SQL Server supports an enhancement to the T-SQL syntax that enables
normal relational queries to output their result set as XML, using any
of these four approaches:
FOR XML RAW
FOR XML AUTO
FOR XML EXPLICIT
FOR XML PATH
The
first three of these options were introduced with the very first XML
support in SQL Server 2000. We’ll start with these options and then
cover later XML enhancements added in SQL Server 2008, which includes
the fourth option (FOR XML PATH).
FOR XML RAW produces attribute-based XML. FOR XML RAW
essentially creates a flat representation of the data in which each row
returned becomes an element and the returned columns become the
attributes of each element. FOR XML RAW also doesn’t interpret joins in any special way. (Joins become relevant in FOR XML AUTO.) Example 1 shows an example of a simple query that retrieves customer and order header data.
Example 1. Using FOR XML RAW to produce flat, attribute-based XML.
SELECT TOP 10
Customer.CustomerID, OrderHeader.SalesOrderID, OrderHeader.OrderDate
FROM
Sales.Customer AS Customer
INNER JOIN Sales.SalesOrderHeader AS OrderHeader
ON OrderHeader.CustomerID = Customer.CustomerID
ORDER BY
Customer.CustomerID
FOR XML RAW
Both SSDT in Visual Studio and SSMS render the query
results as a hyperlink that you can click on to see the output rendered
as properly formatted XML in a color-coded window that supports
expanding and collapsing nodes.
<row CustomerID="11000" SalesOrderID="43793" OrderDate="2005-07-22T00:00:00" />
<row CustomerID="11000" SalesOrderID="51522" OrderDate="2007-07-22T00:00:00" />
<row CustomerID="11000" SalesOrderID="57418" OrderDate="2007-11-04T00:00:00" />
<row CustomerID="11001" SalesOrderID="43767" OrderDate="2005-07-18T00:00:00" />
<row CustomerID="11001" SalesOrderID="51493" OrderDate="2007-07-20T00:00:00" />
<row CustomerID="11001" SalesOrderID="72773" OrderDate="2008-06-12T00:00:00" />
<row CustomerID="11002" SalesOrderID="43736" OrderDate="2005-07-10T00:00:00" />
<row CustomerID="11002" SalesOrderID="51238" OrderDate="2007-07-04T00:00:00" />
<row CustomerID="11002" SalesOrderID="53237" OrderDate="2007-08-27T00:00:00" />
<row CustomerID="11003" SalesOrderID="43701" OrderDate="2005-07-01T00:00:00" />
As you can see, you get flat results in which each row returned from the query becomes a single element named row
and all columns are output as attributes of that element.

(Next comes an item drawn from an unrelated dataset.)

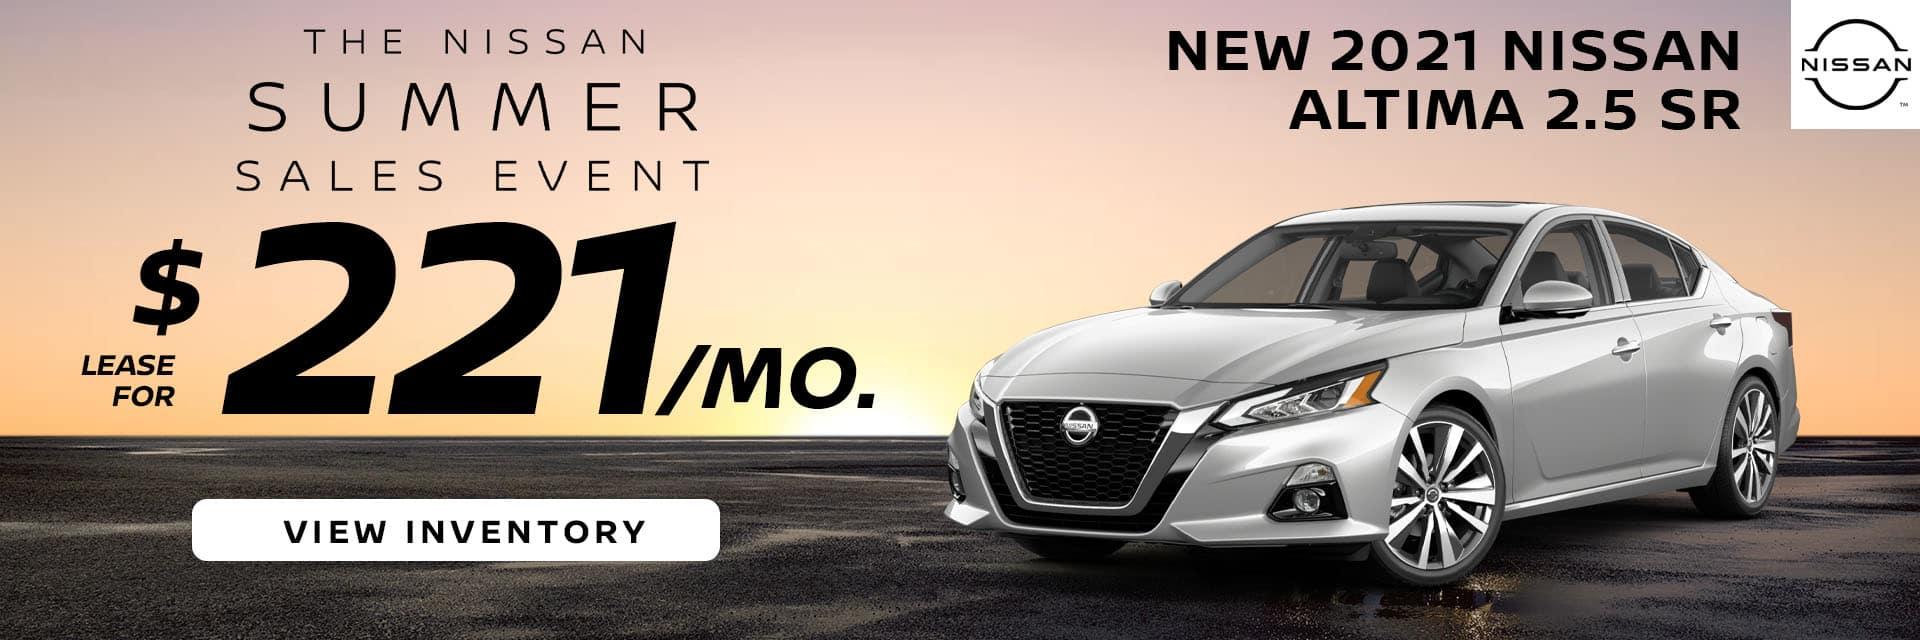 CNSN-June 2021-2021 Nissan Altima copy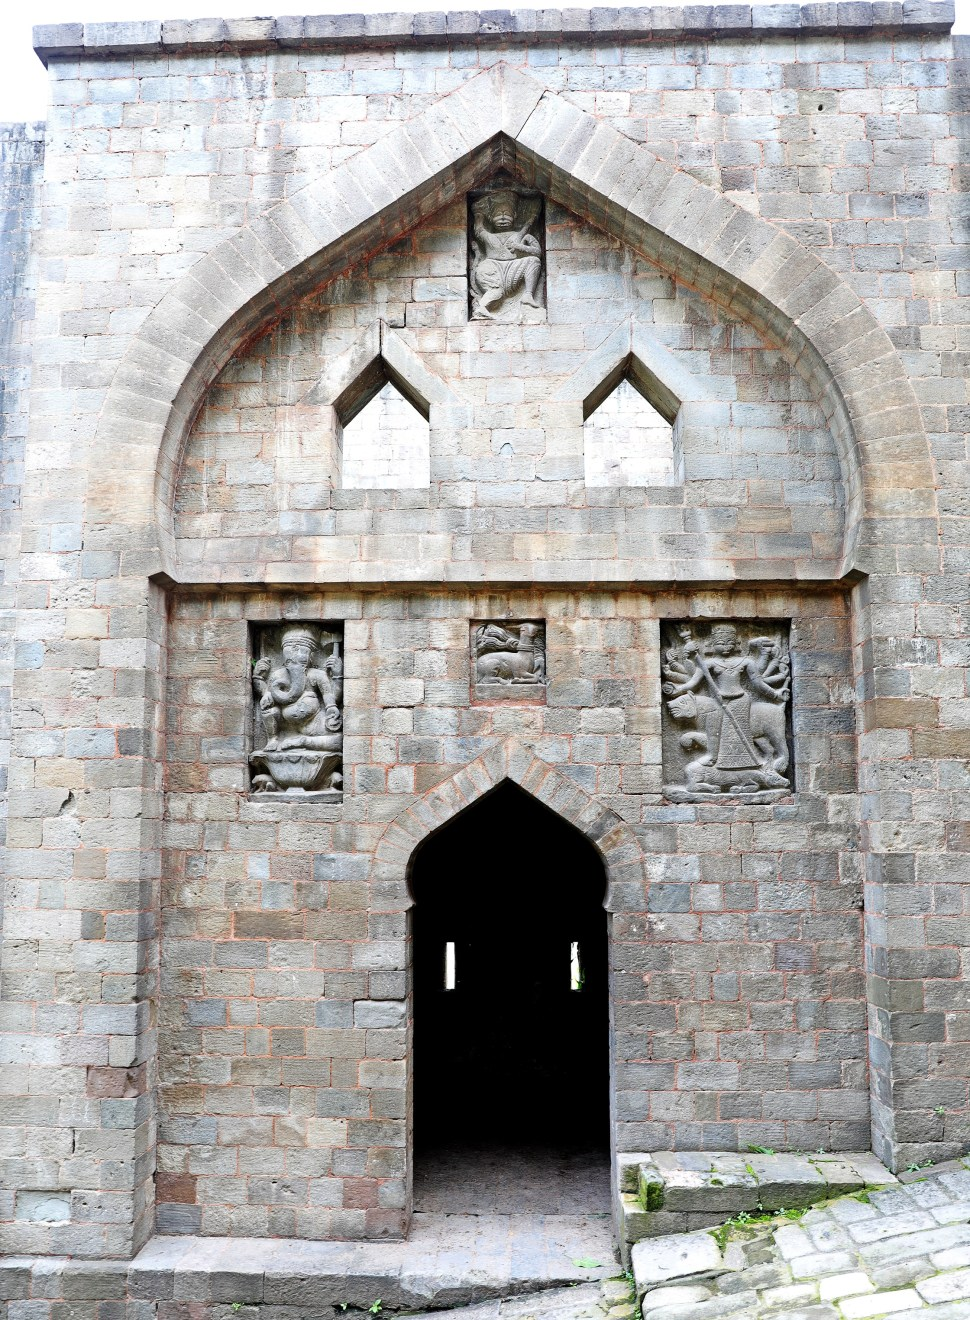 One of the gates of Kangra Fort, Himachal Pradesh

Odds are,
however, that you will want more structured XML output, which leads us
to FOR XML AUTO.
FOR XML AUTO
also produces attribute-based XML (by default), but its output is
hierarchical rather than flat—that is, it can create nested results
based on the tables in the query’s join clause. For example, using the same query just demonstrated, you can simply change the FOR XML clause to FOR XML AUTO, as shown in Example 2.
Example 2. Using FOR XML AUTO to produce hierarchical, attribute-based XML.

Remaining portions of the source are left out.